The victim’s head had been separated from his—as yet undiscovered—body with hacking slices, the weapon possibly some kind of a small ax. Not a neat job, but it had gotten things done. The skin, which appeared to have been either pink or white in life, was bloated and soft with water, but the river hadn’t had time to degrade it into slime.

“I was hoping,” he said to the blue-winged angel who stood on the other side of the grisly find, “for a quiet few weeks.” The reappearance of the archangel Caliane, thought dead for over a millennium, had rocked both the angels and the vampire population. The mortals, too, felt something, but they had no true knowledge of the staggering change in the power structure of the Cadre of Ten, the archangels who ruled the world.

Because Caliane wasn’t simply old, she was an Ancient.

“Quiet would bore you,” Illium said, playing a thin silver blade in and around his fingers. Having preceded Raphael and Elena home from Japan the previous day, he looked none the worse for wear after having been kidnapped and caught in the middle of a battle between archangels.

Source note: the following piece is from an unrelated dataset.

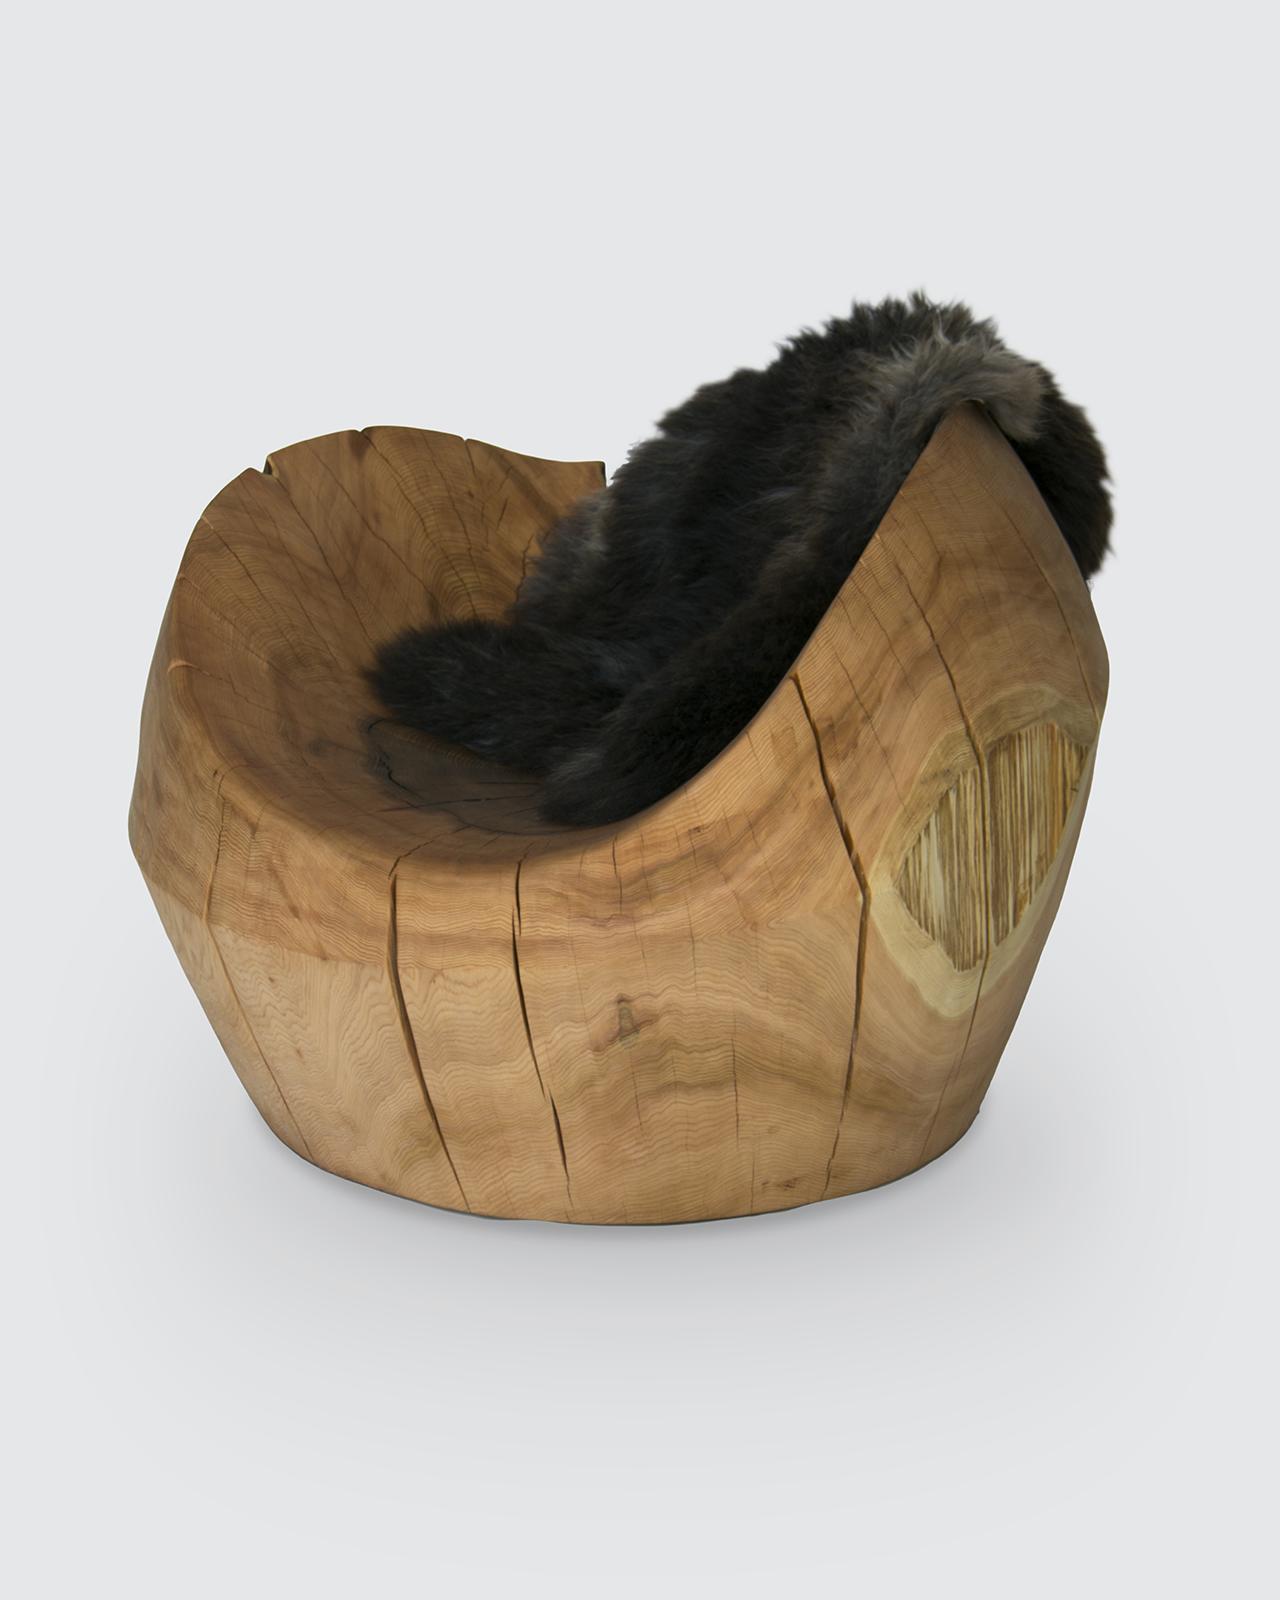 Nest - Cedar Lounger with sheepskin

Dmitri felt his lips curve. Unfortunately, the angel with his wings of silver-kissed blue and eyes of gold was right. Dmitri hadn’t yet succumbed to the ennui that affected so many of the immortals for the simple reason that he never stayed still. Of course, some would say he was leaning too far in the other direction—in the company of those who lived only for the piercing pleasure of blood and pain, every other sensation having grown dull.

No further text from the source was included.